But his recent bellicosity toward Iran has unsettled some of his supporters who were drawn to the noninterventionist aspect of his “America First” promises.

“We were going to get out of these wars, focus on America first,” said Allen Chesser of Spring Hope, N.C., about 40 minutes from Raleigh. “That’s what I think everybody thought they were getting.”

Mr. Chesser, who served for 11 months in Iraq in 2005 and 2006 and returned to work in law enforcement before running an unsuccessful campaign for Congress, said he and others who took Mr. Trump at his word on foreign policy had become dismayed as the Republican Party largely fell in line behind him after the killing of Maj. Gen. Qassim Suleimani, the powerful Iranian commander.

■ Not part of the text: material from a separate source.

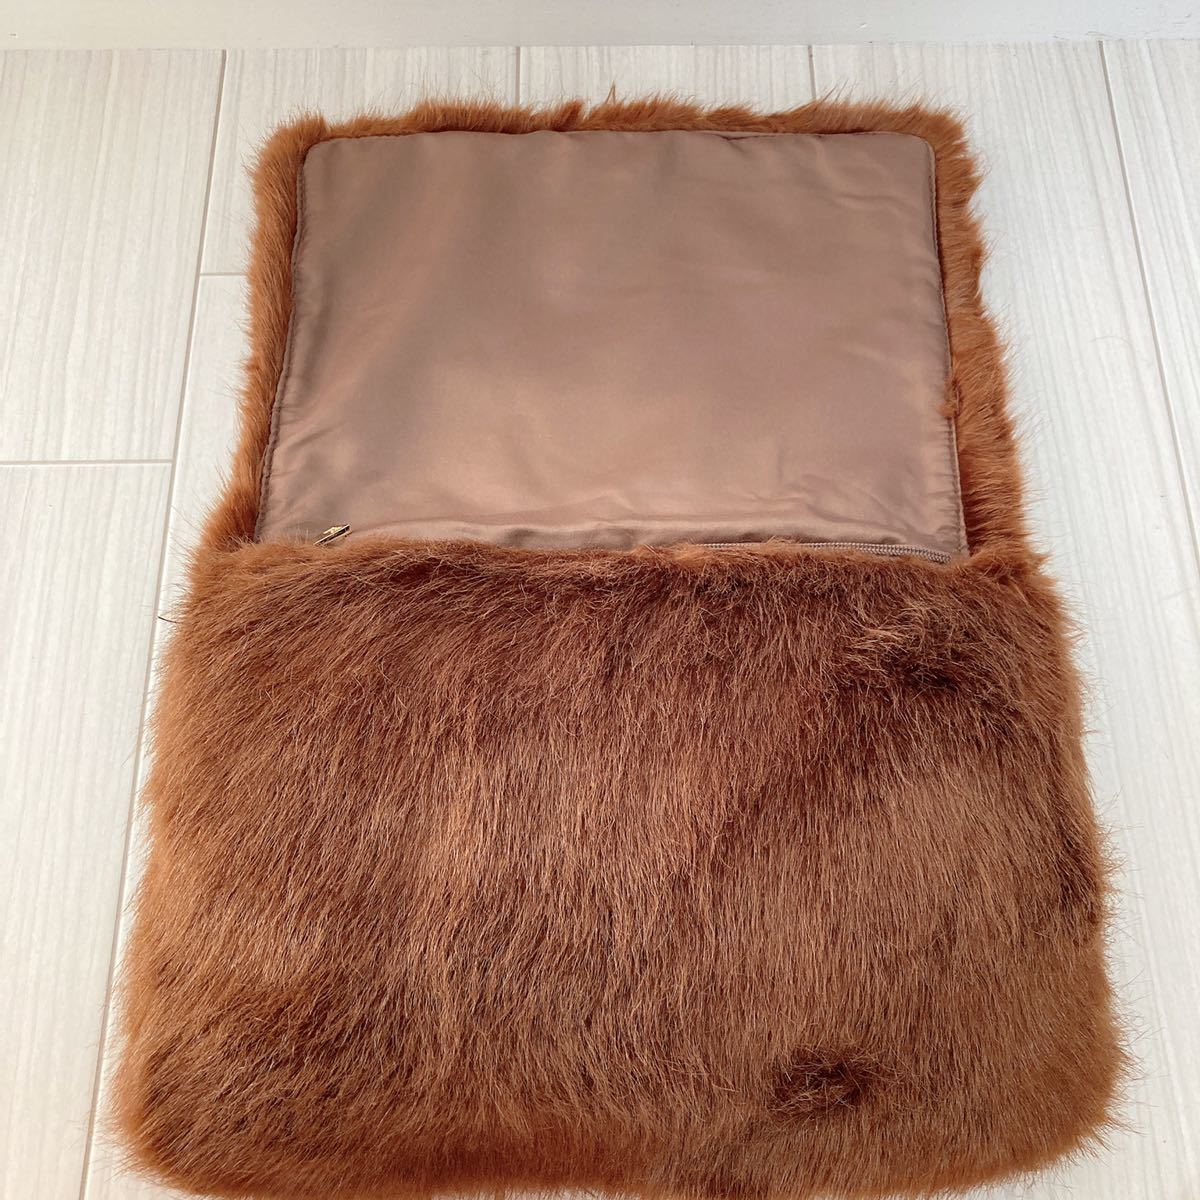  new goods unused Cecil McBee lady's party bag clutch bag handbag fur fake fur tea color Brown plain simple

“These are what you would call conservatives, they’re patriots. They’ve fought and paid,” he said. Now, he said, “because I disagree I’m somehow anti-Trump, which somehow makes me anti-Republican and lessens my patriotism? I don’t get it.”

The threat voters like Mr. Chesser pose to Mr. Trump is if they do not vote for a presidential candidate at all, or vote third party.

“These are not left-wing, antiwar people,” Mr. Kriner said. In the study on military casualties and Trump voters, he and Mr. Shen warn, “If Trump wants to win again in 2020, his electoral fate may well rest on the administration’s approach to the human costs of war.”

Some of Mr. Trump’s most prominent allies are warning him of the political risks inherent in escalating the conflict with Iran any further.

“It’s important that the president listens to his judgment here — that he doesn’t listen to the same people who got us sucked into Iraq in the first place,” Laura Ingraham, the Fox News host, said the other night on her program.

Others, like Ms. Ingraham’s Fox colleague Tucker Carlson, have noted with dismay Mr. Trump’s apparent reliance on advice from what they characterize as the same “deep state” intelligence officials he has said need to be purged from the government.

“If you say so, Mr. Unnamed C.I.A. official, I’m happy to send my kid to the Middle East a week after Christmas,” Mr. Carlson fumed on his program recently.

The risk in taking too provocative an approach with Iran is even greater because the political realignment now taking place between the two parties — with Republicans attracting more working class, white voters who once leaned Democratic, and Democrats appealing to higher-income Americans — is still in its early stages.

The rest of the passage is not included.